# RAM Taktung - kompatibel mit CPU?



## Tratonix (17. April 2015)

Hallo,

ich möchte bald meine RAM upgraden weil ich gerade nur 2 alte 4GB Riegel mit einer 1333MHz Taktung habe.


Das Mainboard unterstützt ja fast alle Taktungen aber wenn ich bei meinem Prozessor ( Intel Core i7 4790k ) auf der Homepage gucke steht etwas dass er anscheinend nur 1333MHz und 1600MHz unterstützt.


Heißt das, dass er andere gar nicht erkennt oder bringen höhere gar nichts?
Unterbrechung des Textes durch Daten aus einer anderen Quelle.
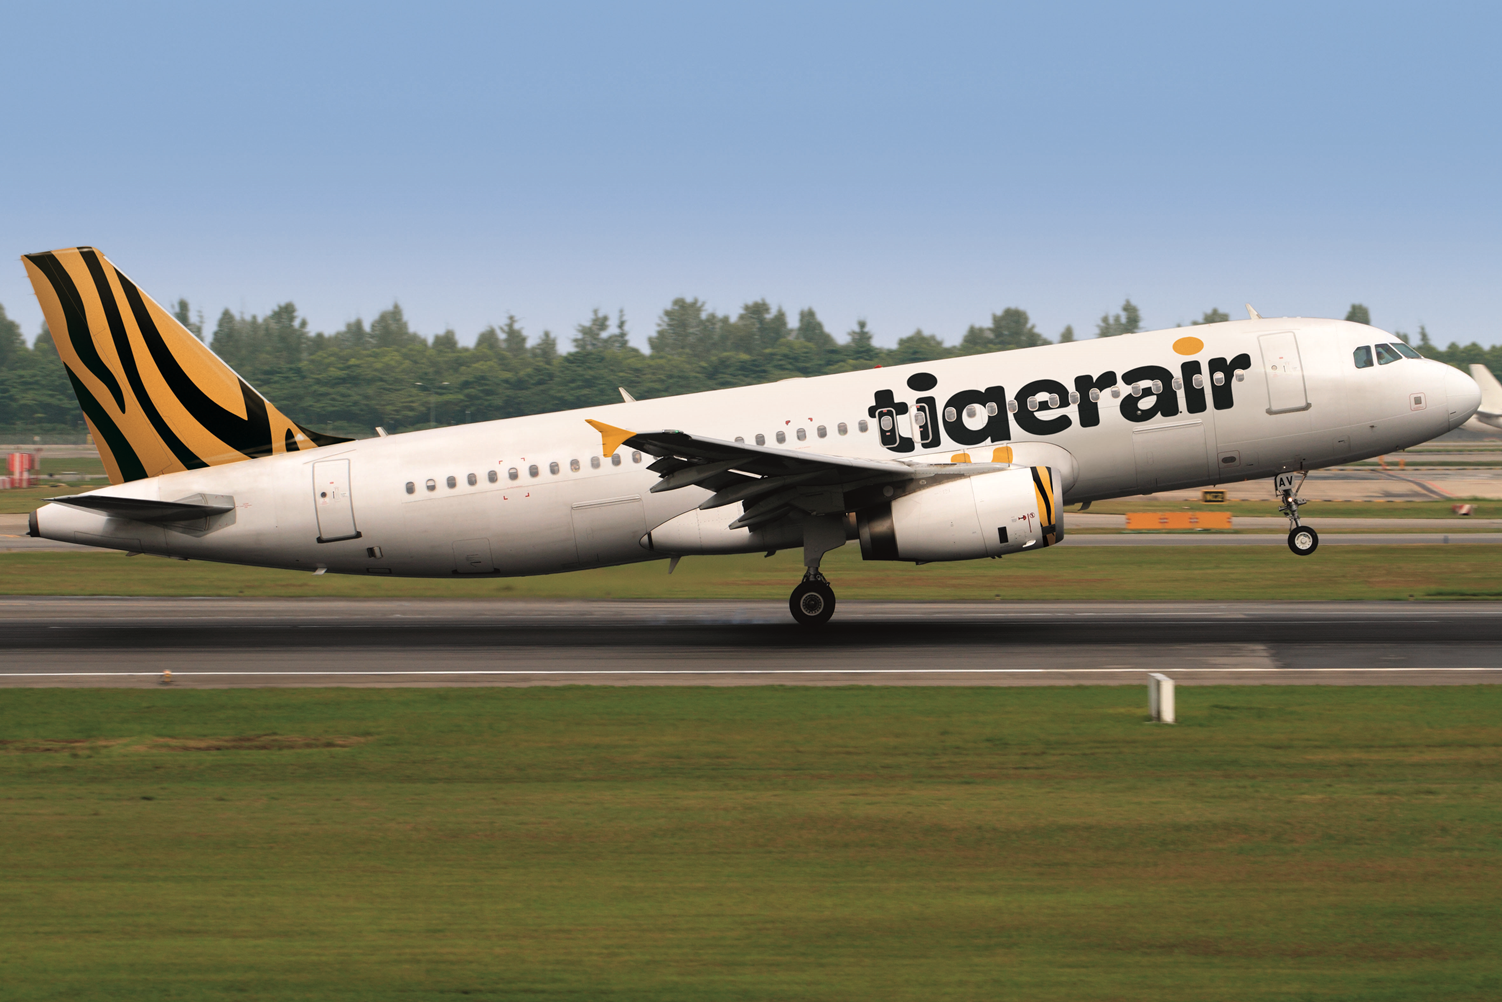 Tigerair Takeoff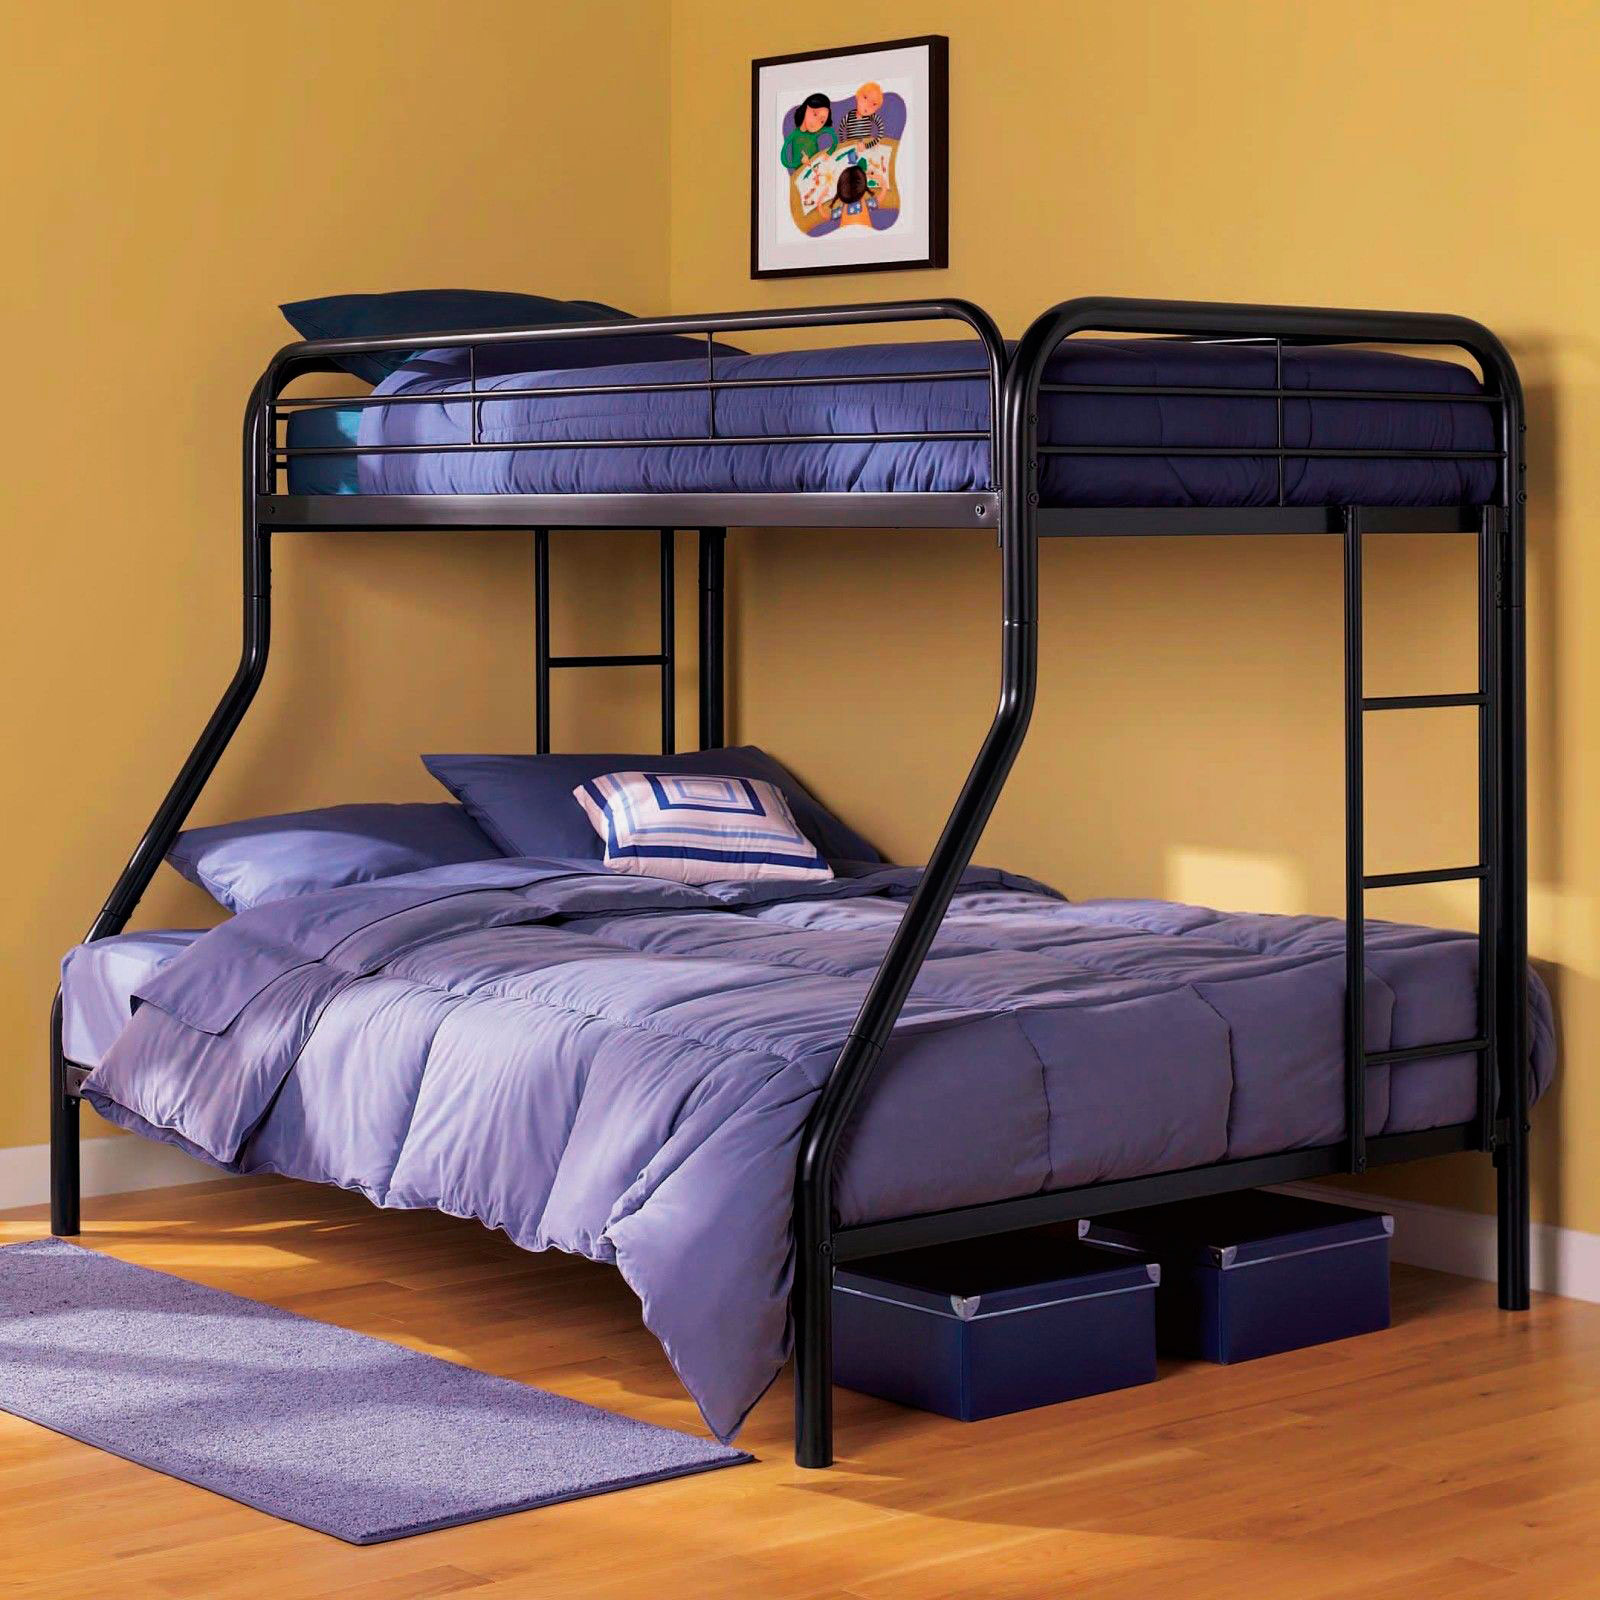 Двухъярусная кровать Gunmetal Full/Full Bunk Bed

Würde mich um eine kurze Erklärung freuen ^^


----------



## Incredible Alk (17. April 2015)

Bitte einmal hier lesen, besonders Mythos 3 und die Benchmarks:
http://extreme.pcgameshardware.de/m...arbeitsspeicher-thread-inkl-langzeittest.html

Das sollte deine Fragen alle beantworten


----------



## Tratonix (18. April 2015)

Ok danke ^^


Was könntest du mir denn empfehlen?
16GB 1600MHz oder sollte ich mehr nehmen?


----------



## wildcat76 (18. April 2015)

Solltest Du alles gelesen haben, würdest Du nicht mehr nach 1600er oder mehr als 16gb fragen...  
In der Regel reichen 8gb noch aus. 
Aber das liegt in erster Linie an Deiner Software, spielst Du z. B. Bf4 würden 16Gb dir deine Frametimes verbessern.
Desweiteren glaube ich könnte der Ram als Cacheerweiterung dienen, was aber nur merkbar ohne SSD ist.


----------